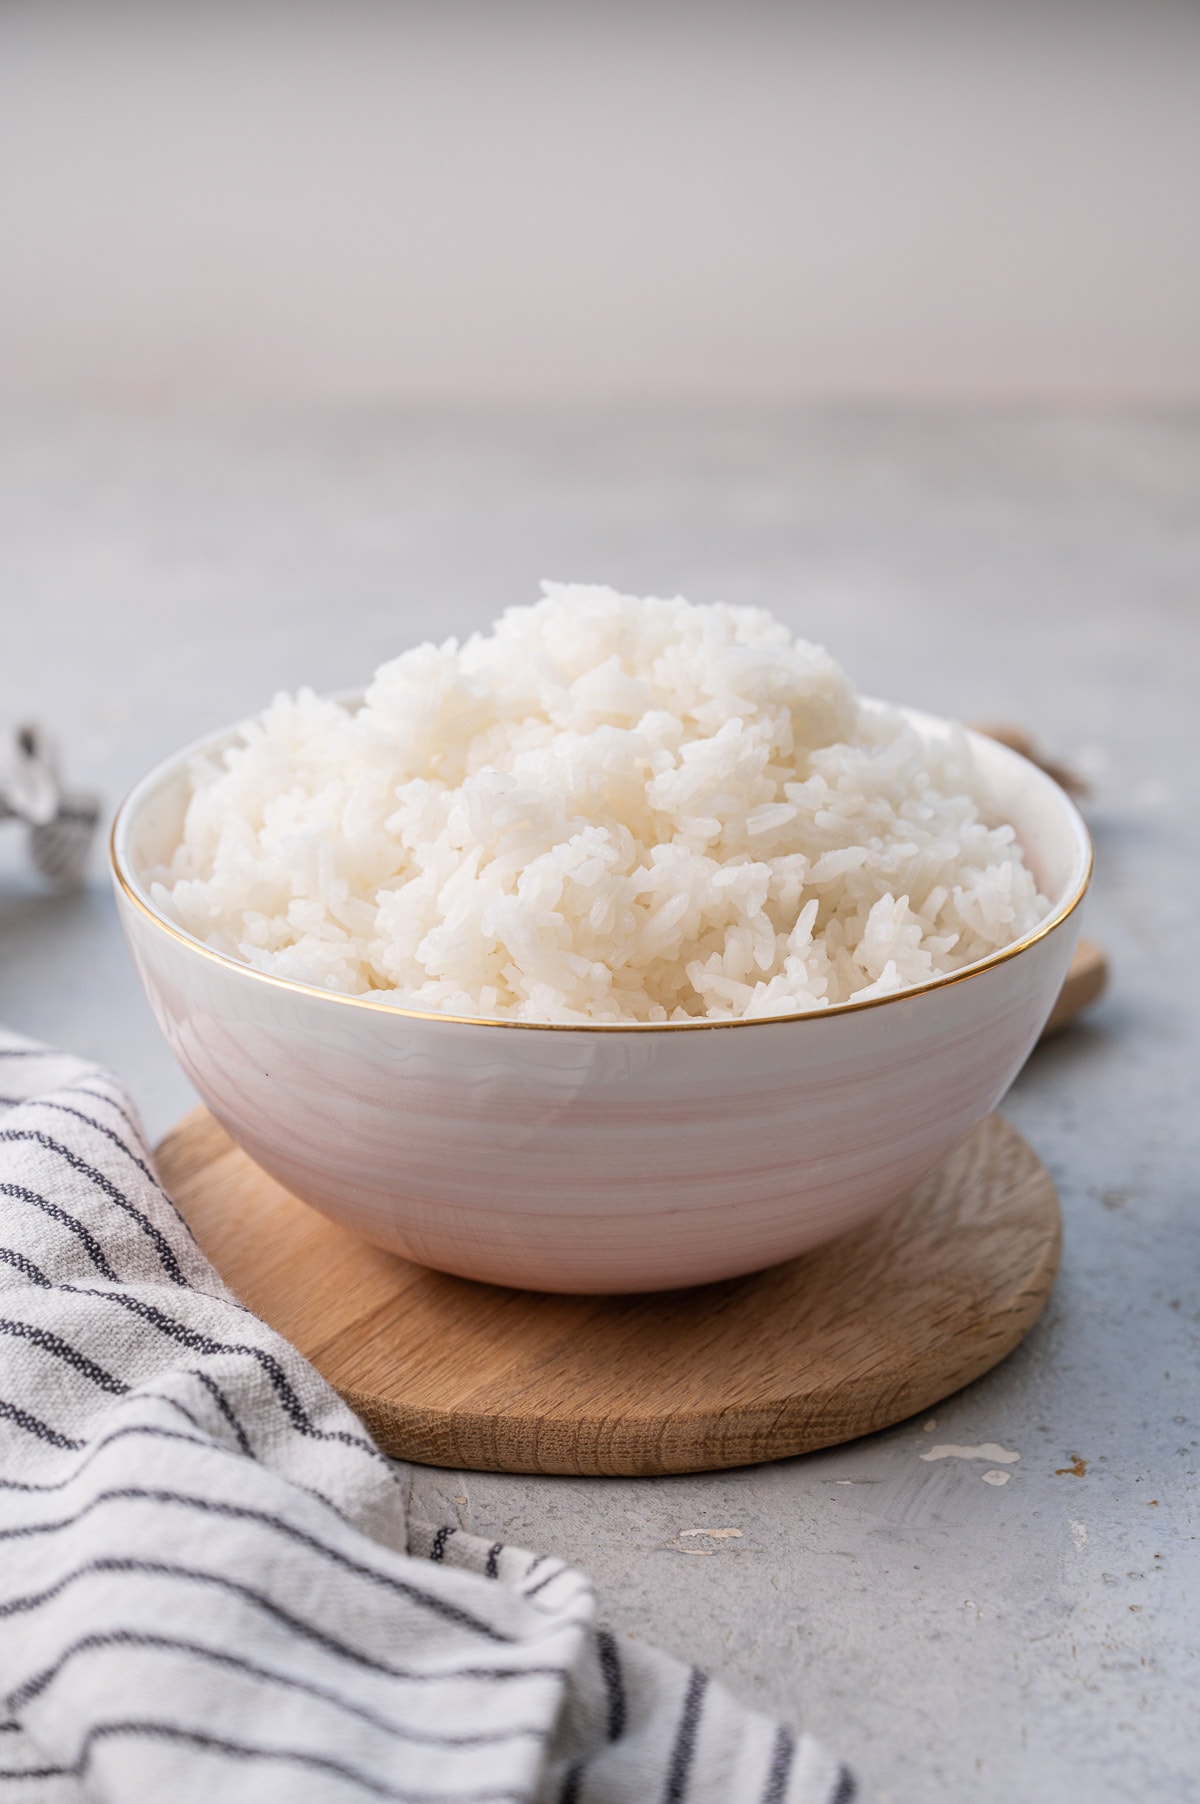 https://www.everyday-delicious.com/wp-content/uploads/2022/05/jasmin-rice-everyday-delicious-2.jpg
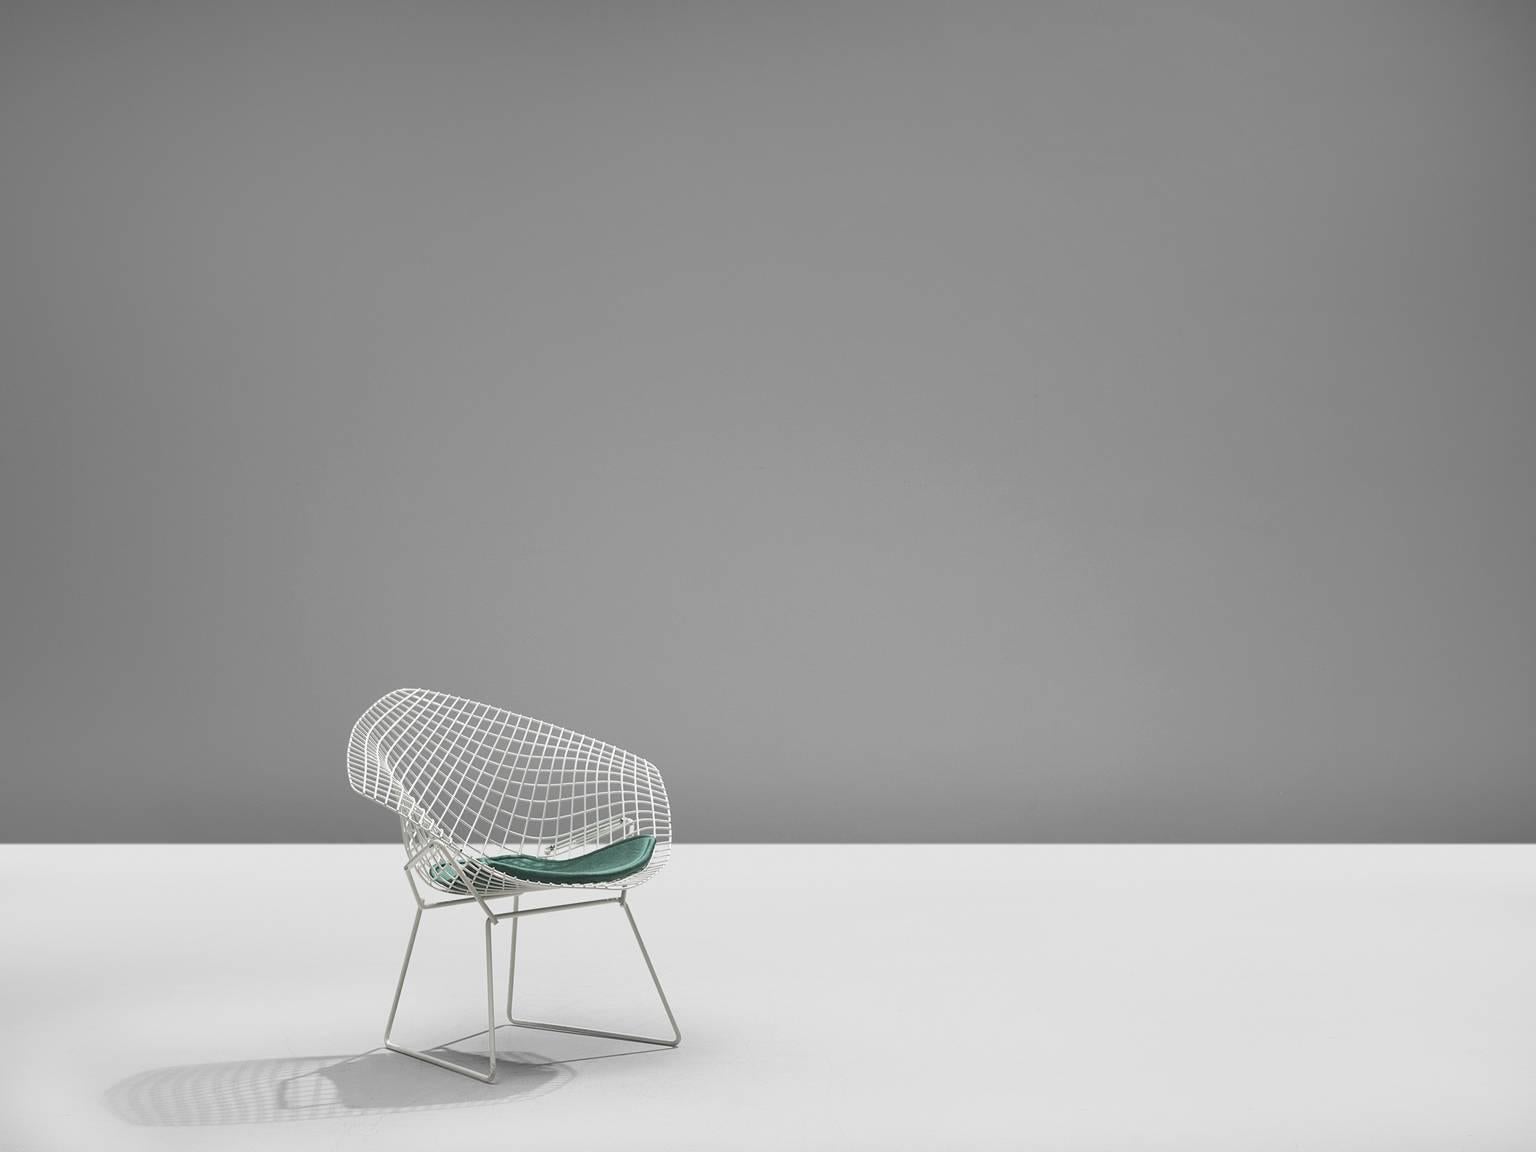 'Diamond' chair by Harry Bertoia for Knoll, white coated metal, turquoise cushion, 1950s (later production)

The Diamond Chair is, according to Knoll, an astounding study in space, form and function by one of the master sculptors of the last

* * *

**What is needed**
Only the lines from the one containing "1950s (later production)" through the last line of the data above, both included, belong in the reply, each restated exactly and without pictures.

**Solution to this problem**
 'Diamond' chair by Harry Bertoia for Knoll, white coated metal, turquoise cushion, 1950s (later production)

The Diamond Chair is, according to Knoll, an astounding study in space, form and function by one of the master sculptors of the last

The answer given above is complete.